Дома выпил стакан вина и стал звонить. Младшая сестра, Маринка, обрадовалась, сказала, что уже собирает дочек и выезжает. Жила она рядом, в Марьино, – только мост перемахнуть; минут семь на маршрутке… Старшая, Дарья, огорошила новостью – из Франции прилетел племянник, Володя, сын еще одной сестры.

– А чего не сообщили? – Юрьев слегка обиделся. – Тем более давайте ко мне.

Дарья стала мягко отказываться – дети не совсем здоровы, у Игоря, мужа, важная статья, ехать неудобно…

– Всё, короче, – перебил Юрьев, – я выезжаю за вами. Готовьтесь. – И положил трубку: если уж категорически не хотят, то пусть перезванивают на мобильный.

Пригласил и сослуживца Олега с семьей. Олег работал у них около года, успели сдружиться, и жены нашли общий язык; дочь Олега была почти ровесницей младшей дочери Юрьева – хорошо играли. В общем, со всех сторон удобные гости.

– Хватит, – сказал себе, закрыл записную книжку.

Посидел в кресле… На кухне жена громко стучала ножом по доске, младшая рисовала, старшая читала в своем уголке.

– Насть, а почему ты маме не помогаешь? – спросил Юрьев.

Дочь оторвалась от книги.

– Она не просила.

– А что, тебя обо всем просить надо? Скоро замуж уже, и все как ребенок. – Юрьев улыбнулся, давая понять, что шутит, но эта собственная шутка кольнула: действительно, лет через пять вполне может выскочить. – Иди, – снова посуровел, – предложи маме помочь. А я стол раздвину. И за тетей Дашей надо ехать. Кстати, твой брат Володя прилетел. Слышишь?

Дочь отреагировала – якобы удивленно приподняла брови; прошла на кухню. Юрьев проводил ее взглядом, с тоской подумал: «Красивая девка растет. И достанется какому-нибудь…»

Обеденный стол раздвигали редко – раз десять в год, на большие праздники. Обычно же ели на кухне, да и собирались вместе лишь по вечерам и в выходные…

Юрьев поставил стол в центре комнаты, покачал. Да, болты, соединяющие столешницу и ножки, ослабли. Достал с антресоли плоскогубцы, подтянул. Налил себе еще немного вина. Постоял, огляделся. Все вроде нормально, порядок.

– Ладно, я за Дарьей, – заглянул на кухню. – Пока туда да обратно – часа два займет. Маринку позвал, Олега.

– Хорошо. – Жена распускала ножом вареную колбасу на пласты. – Осторожнее только.

– В смысле?

– Ну, ты ведь выпил… И масло растительное купи по дороге, у меня на дне.

Юрьев поморщился:

– Утром не могла сказать? Теперь снова по магазинам…

– Извини.

– Да ла-адно. – И возникло чувство, какое бывало в детстве, когда родители в его день рождения заставляли что-то делать; Юрьев вздохнул и стал натягивать куртку.

Уже с порога велел жене:

– Много не надо всего наготавливать. Так, посидим… без обжираловки.

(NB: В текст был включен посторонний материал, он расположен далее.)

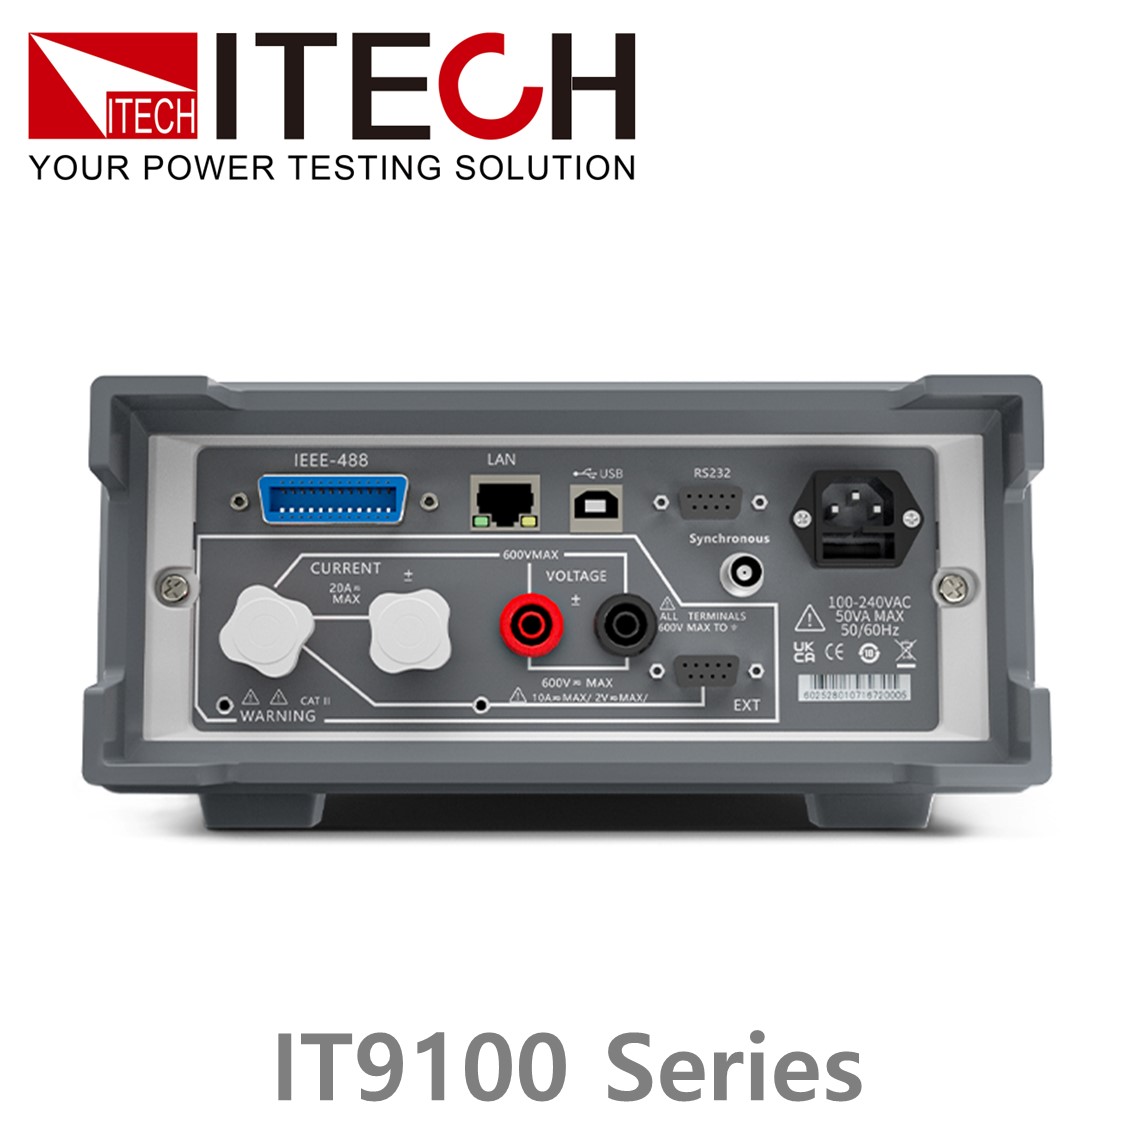 [ ITECH ] IT9100시리즈 파워미터, 전력테스터(1000Vrms/50Arms/100kHz)

Перевод часов на зимнее время всегда выбивал из колеи. Вот самое начало четвертого, а уже начинает темнеть. И настроение соответствующее, какая-то тревога, точнее – беспокойство, словно важное сделать забыл, в чем-то ошибся, что-то пропустил, но есть шанс наверстать и поправить. И Юрьев торопился, энергично жевал «Орбит», то и дело поглядывал в зеркало заднего вида, будто ожидал погони.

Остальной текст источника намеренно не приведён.